The NBA agrees. The Warriors will have 37 nationally televised games this season, more than any other team in the association.

The narrative around the Warriors has changed greatly in the last few years. Seemingly overnight, the Warriors went from a team nobody outside of the Bay Area cared about to an NBA power house. 

Their 140 regular season wins in the two years since Steve Kerr took over as head coach are a mere 17 less than they won in the four season prior.

But in a season that included an NBA record 73 wins, the best start to an NBA season ever (24-0), and the first ever unanimous MVP... the Warriors fell short of a championship. We can debate the reasons for that until we are blue in the face...

What matters is how the Warriors responded. Signing Kevin Durant changed the landscape of the NBA, and the perception of the Warriors franchise.

For Warriors fans it's exciting, new, and different. For most of my life, the Warriors had been sub-par. They had made questionable moves and decision. There was no way the best player in free agency was choosing the Warriors over another team. Dub Nation is thrilled with the reversal of fortune.

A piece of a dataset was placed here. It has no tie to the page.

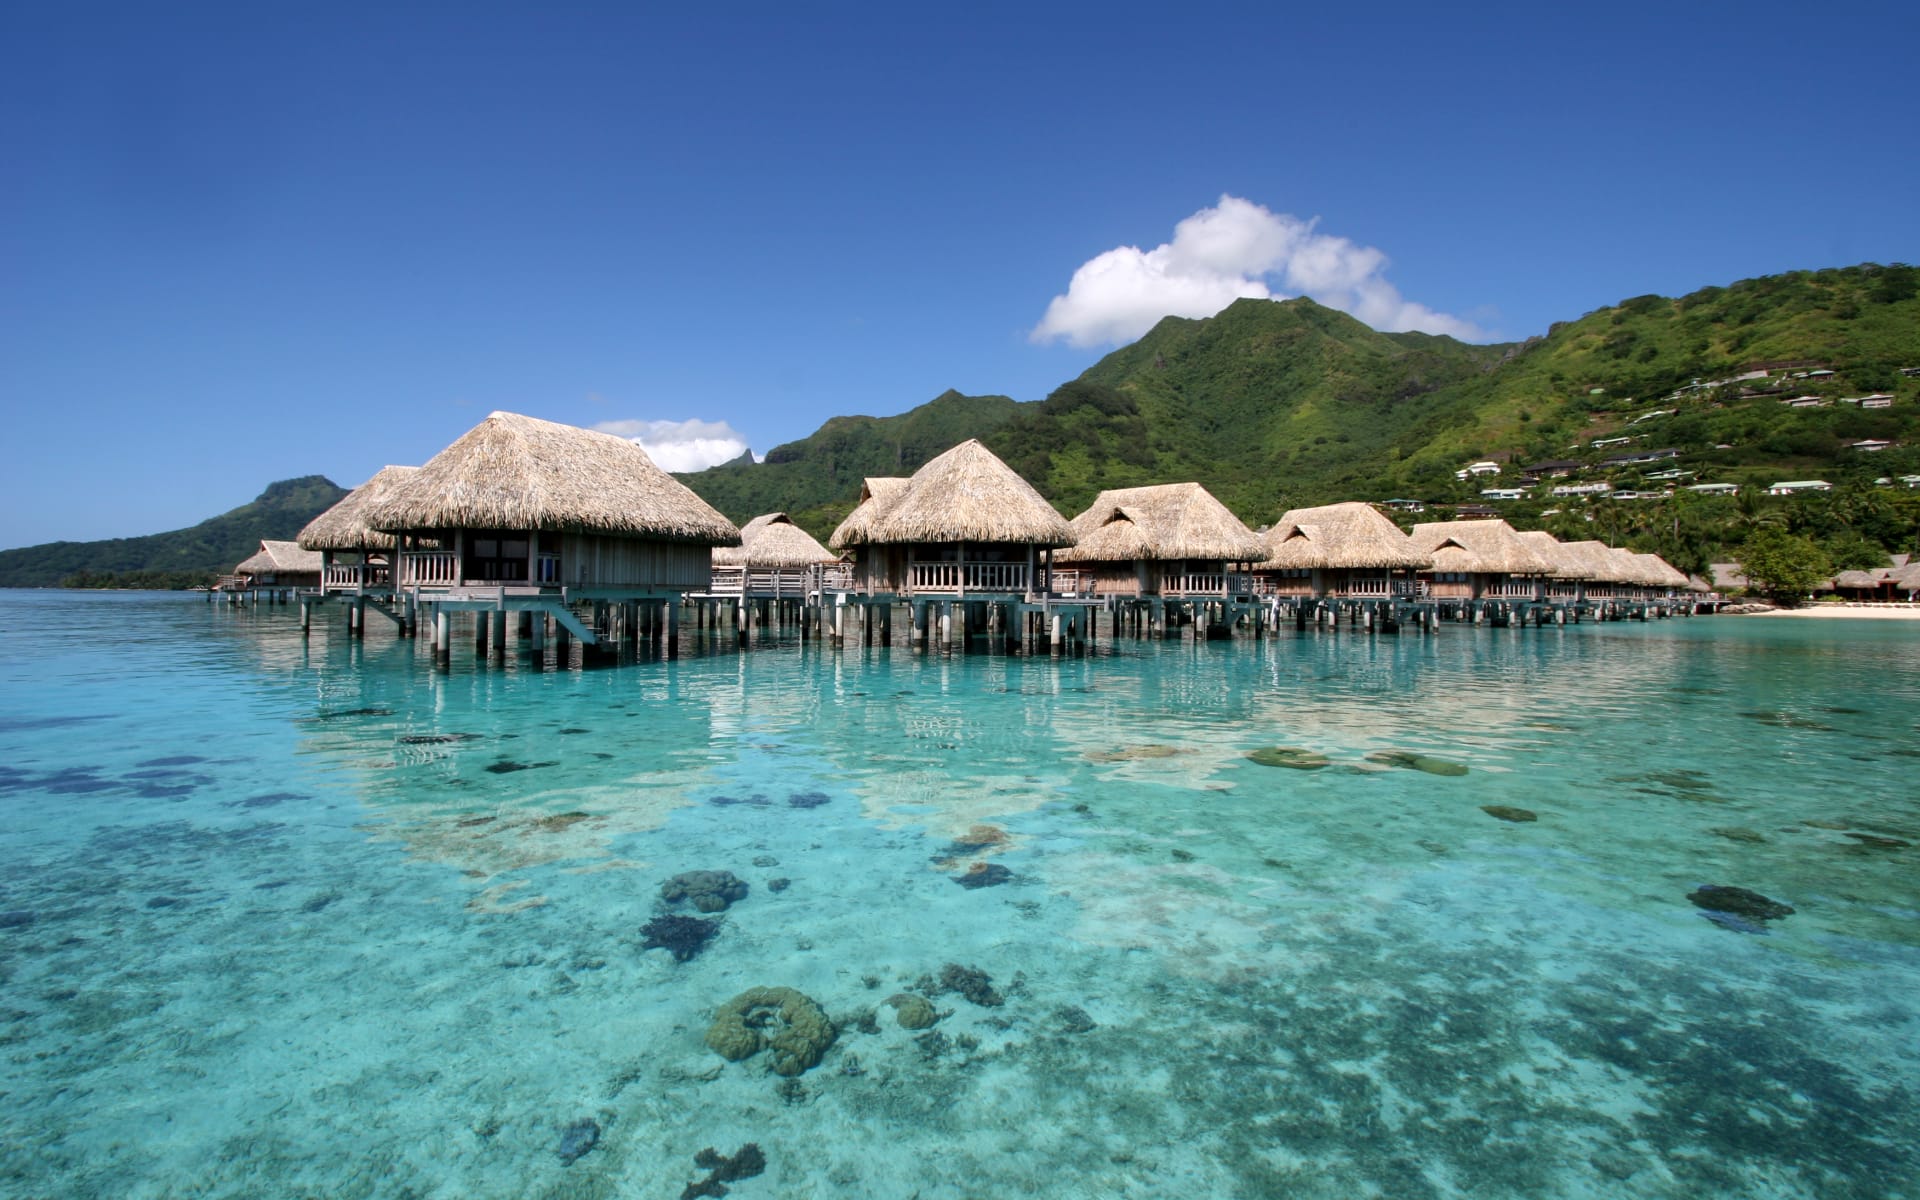 overwater villas with mountains in the background

The rest of the NBA fan bases? Not so much. The Warriors were the anti-Heat/LeBron/The Decision. Their core-3 were drafted and developed in Oakland. That changed in their minds with the Kevin Durant signing.

That's not a bad thing... But, it is a real thing. The goal of the owners, general managers, and coaches in the NBA is to put the best product on the floor so that you can win championship. The Warriors have done that. But in the process, their identity changed.

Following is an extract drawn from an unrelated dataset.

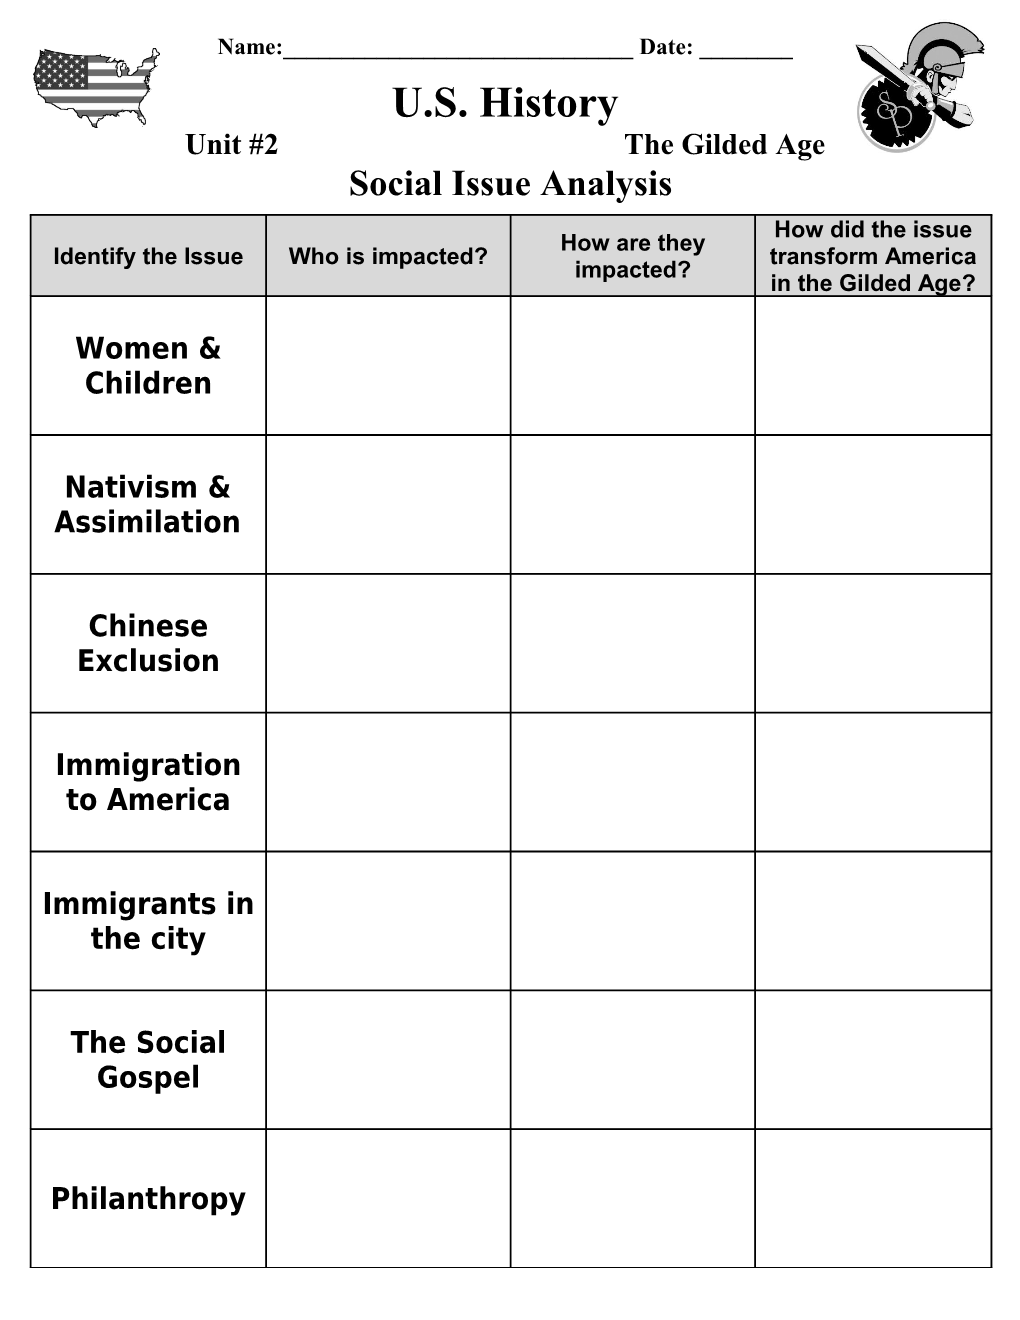 Social Issue Analysis

Last season the Warriors were the big dog on campus. Even though they were beating teams left and right on their way to 73 wins, it didn't feel like they were looked at by others in a negative light.

That will change in 2017. Success isn't just expected now, it's demanded. That means that critics will be ready to pounce if/when they see anything less than stellar play. The scrutiny will be even higher than it was after losing the 2016 NBA Finals. 

You shouldn't be expecting 73 wins again. I think the Warriors will focus on locking up home court, ensuring the road to a championship goes straight through Oakland, but they won't worry themselves with trying to set records.

The Warriors have entered unfamiliar territory. Enjoy it, Dub Nation... Because "problems" like this only come around when your team is on top.